Concatenating Strings and Templating

When dealing with strings in JavaScript, it is very common to need some form of concatenation along the way. Before ES6 we were concatenating string with the + operator:

/* eslint-disable */
var first = 'hello';
var last = 'world';
var msg = 'I said, "' + first + ' ' + last + '" to the crowd.';

Modern techniques give us something called, “template literals”, which let us concatenate strings in a much more straightforward manner utilizing the back tick and some basic templating:

const first = 'hello';
const last = 'world';
const msg = `I said, "${first} ${last}," to the crowd.`;

Destructuring Arrays and Objects

Destructuring is a JavaScript technique that allows you to easily assign values and properties from arrays and objects into specific variables. This direct mapping affords an easy way to access data from objects and arrays in a more convenient syntax.

The old way:

const arr = [1, 2, 3, 4];
const a = arr[0];
const b = arr[1];
const c = arr[2];
const d = arr[3];

The new way:

const [a, b, c, d] = [1, 2, 3, 4];
console.log(a); // 1
console.log(b); // 2
console.log(c); // 3
console.log(d); // 4

Use destructuring whenever possible to slim down your code and improve overall readability.

Componentizing Your Code

Keeping different bits of functionality in your code reasonably separated is important to building and maintaining a scalable system over time. In the past we’ve had to accomplish this with our build systems leaning on concatenation as an abstraction layer to the project. Modern JavaScript techniques allow us to utilize import statements to break apart and reassemble your code into consumable chunks.

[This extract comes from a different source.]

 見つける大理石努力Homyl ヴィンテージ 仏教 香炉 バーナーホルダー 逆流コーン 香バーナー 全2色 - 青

When you’re building your project, be sure to lean on imports to wire your application together. As of right now, we do still need a build system to process the code so it can be consumed by a browser, but using this modern technique will make sure our code is well structured as the project ages. You can also use import statements to load parts of an external library you may need for any given component. The code below will give you an example:

// Only loading in the map method from lodash, because that's all we need!
import map from 'lodash/map';

This also allows you to build one component and import it into another.

It’s also worth noting that named exports can be imported by wrapping the exported function within curly braces:

import { example } from 'example/lib';

This is only possible if the exported component is a named export like so:

export const example = 66;


When creating your own modules be sure to think about how it should be used by others. Luckily ES6 modules makes this a simple task.

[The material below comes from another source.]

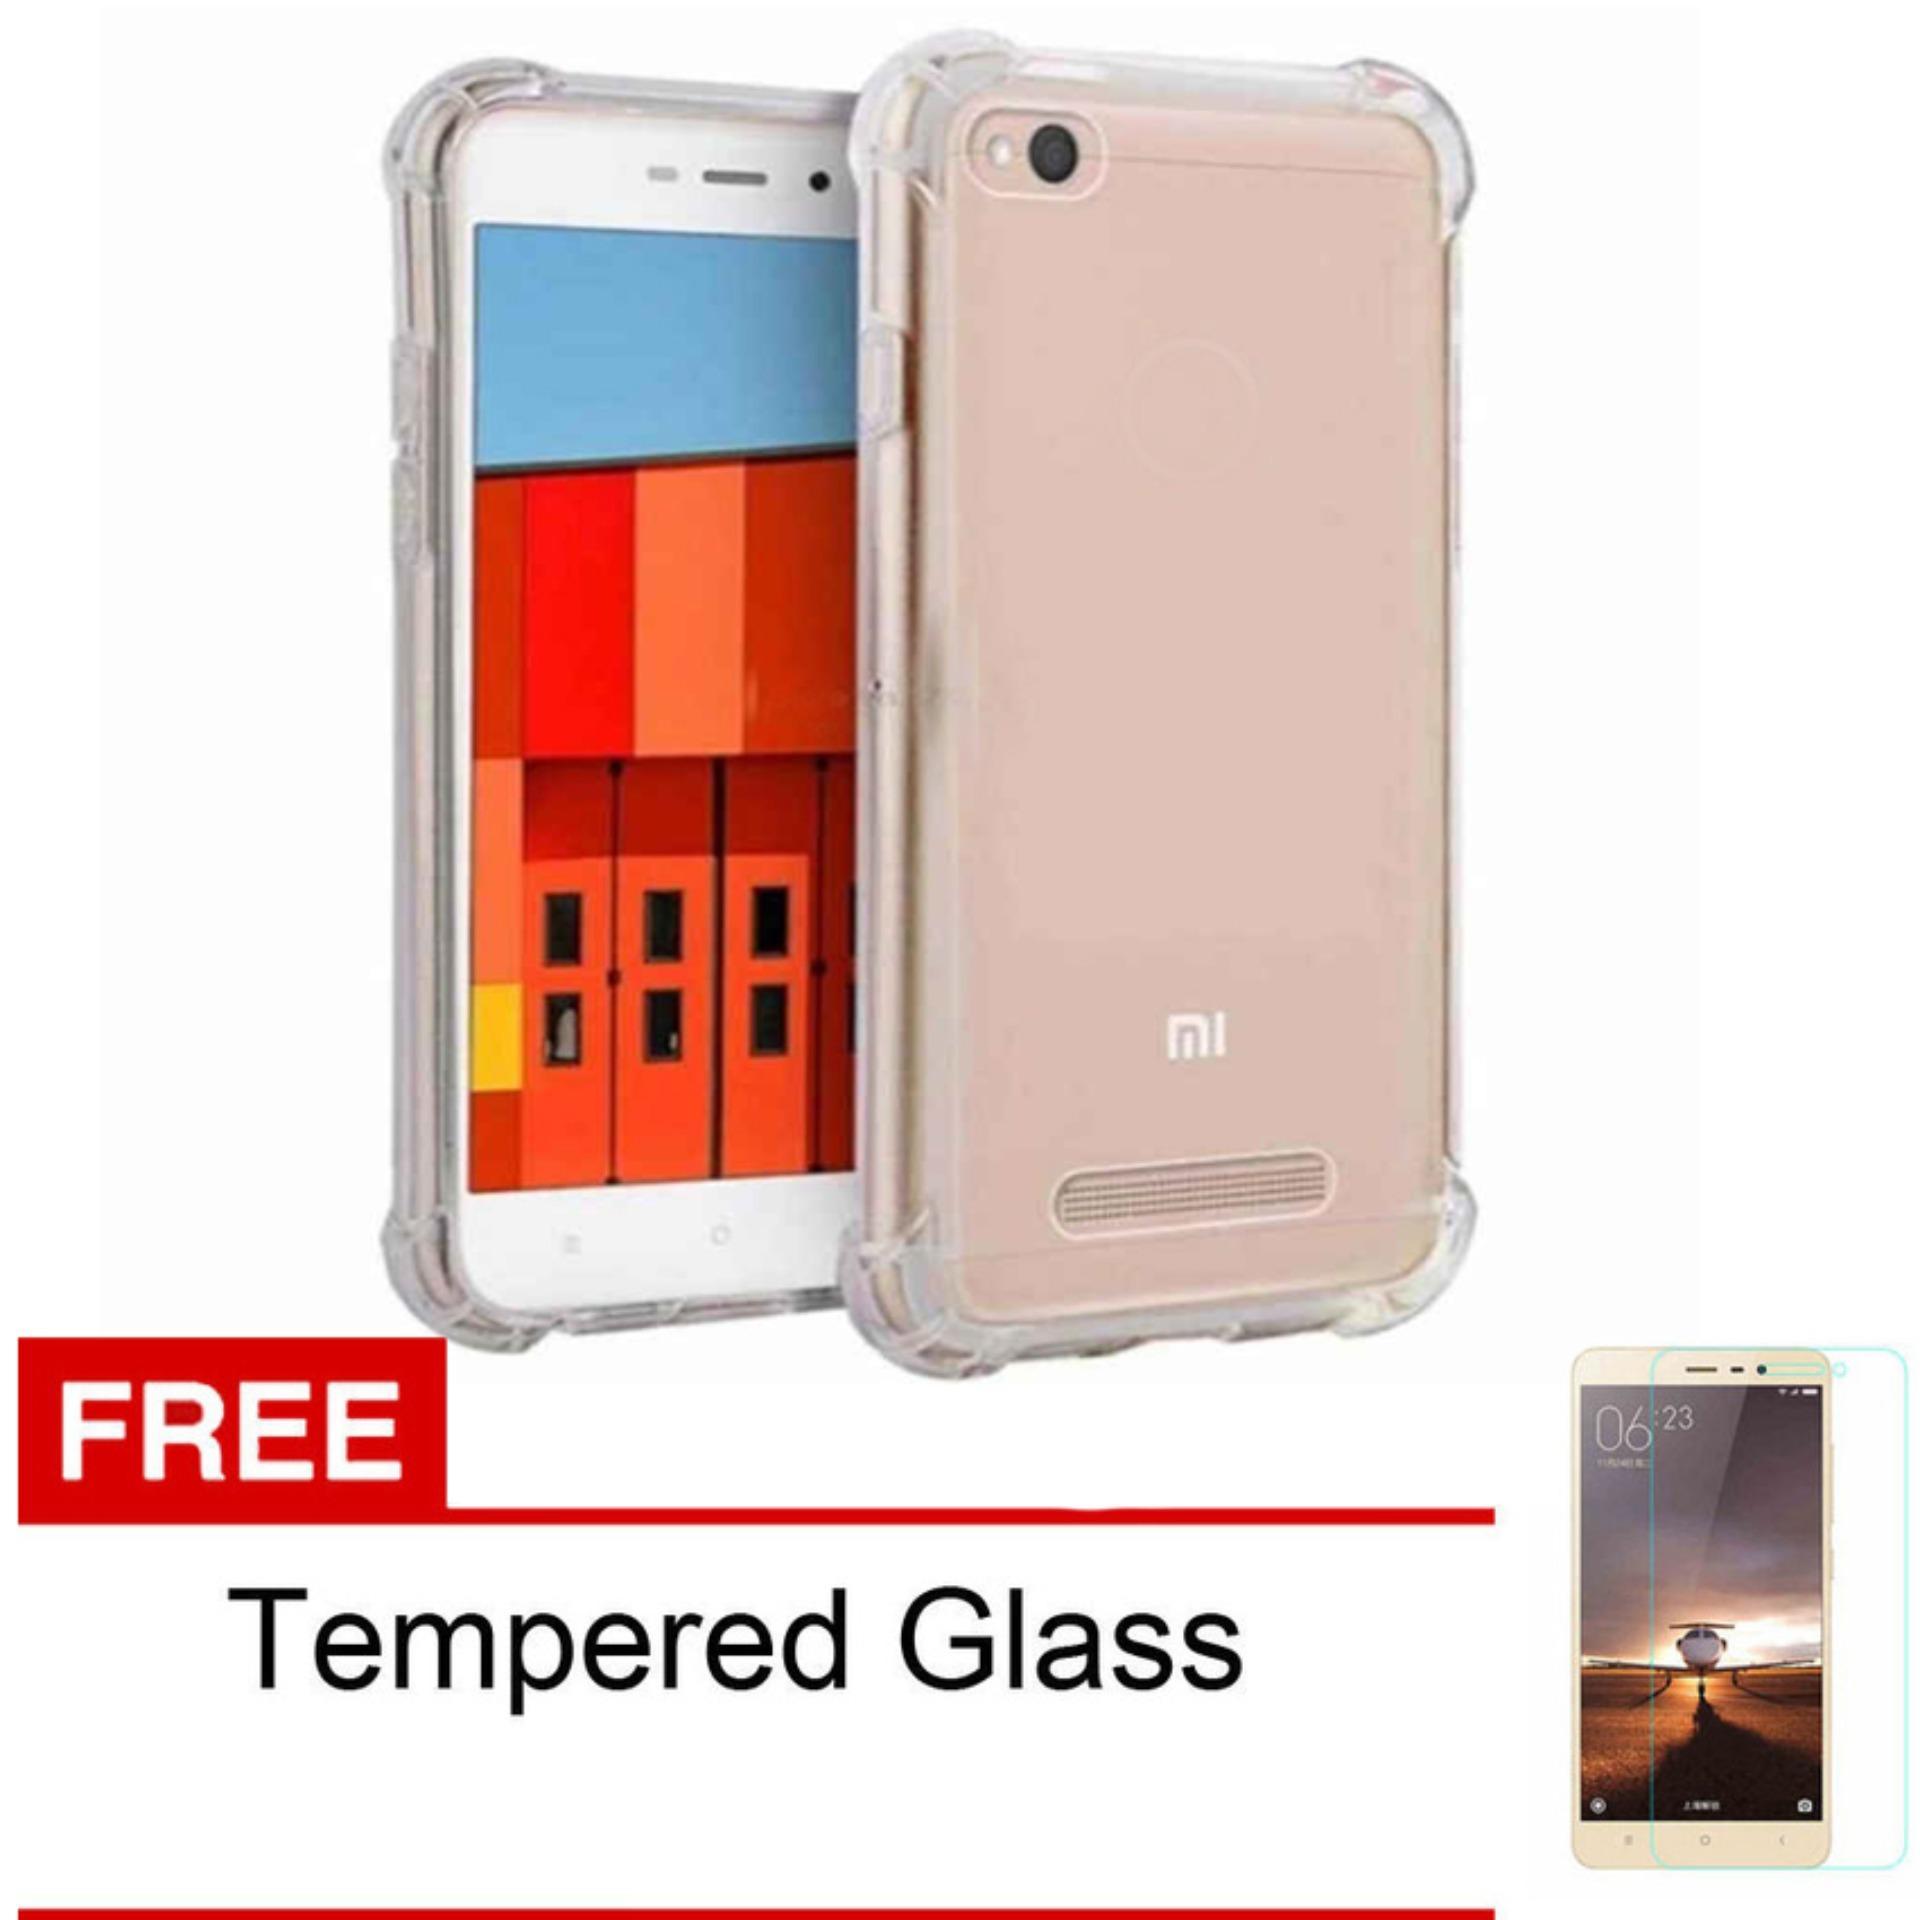 Jak Shop Soft Case Anti Crack / Anti Shock Case Xiaomi redmi 4a Kualitas Gred A

There are many ways you can export a module, but typically exposing specific functions and/or data structures through an ES6 module is the preferred way.

// datastructure.js
// private variable to the module
const data = {};

// private function to the module
const process = (value) => {
	// complex logic
	return value;

// the two functions below are public
export const getData = (field) => {
	return process(data[field]);

export const addData = (field, value) => {
	data[field] = value;

In the module above only two functions are being exposed, everything else is private to the module, therefore this module can be used as following.

import { addData, getData } from './datastructure';

addData('key', 'myvalue');

const value = getData('key');

Avoid using classes unless there’s a good reason to. Consider the following example:

import Module from './mymodule';
/* Module is a ES6 class */
new Module('.element-selector', {
	/* options */
	onEvent1: () => {},
	onEvent2: () => {},

A good indicator that you don’t need classes is when you don’t need the instance of that class. For this reason our eslint config has the no-new rule enabled. The code sample below provides a better alternative.

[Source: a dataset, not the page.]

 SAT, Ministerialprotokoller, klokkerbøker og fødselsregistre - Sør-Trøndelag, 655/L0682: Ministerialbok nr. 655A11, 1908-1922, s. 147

// Option 1: still using classes but with a better design
import Module from './mymodule';

const module1 = new Module('.element-selector', {
	/* options */
module1.addEventListener('onEvent1', () => {});
module1.addEventListener('onEvent2', () => {});

The example above changes the design of the module API a bit and assumes multiple and separate instance of the module are desired. However, sometimes that might not even be necessary. If all you need is to abstract some complex logic and accept a couple of parameter, exposing a factory/init function is all you need.

// Option 2: not using classes
import module from './mymodule';

module('.element-selector', {
	/* options */

Don’t Pollute the Window Object

Adding methods or properties to the window object or the global namespace should be done carefully. window object pollution can result in collisions with other scripts. If you need to expose data to the rest of your application, you should first consider using some sort of state management. Sometimes however, exposing methods or properties to the window global is necessary and when doing so wrap your code in closures and expose methods and properties to window with caution.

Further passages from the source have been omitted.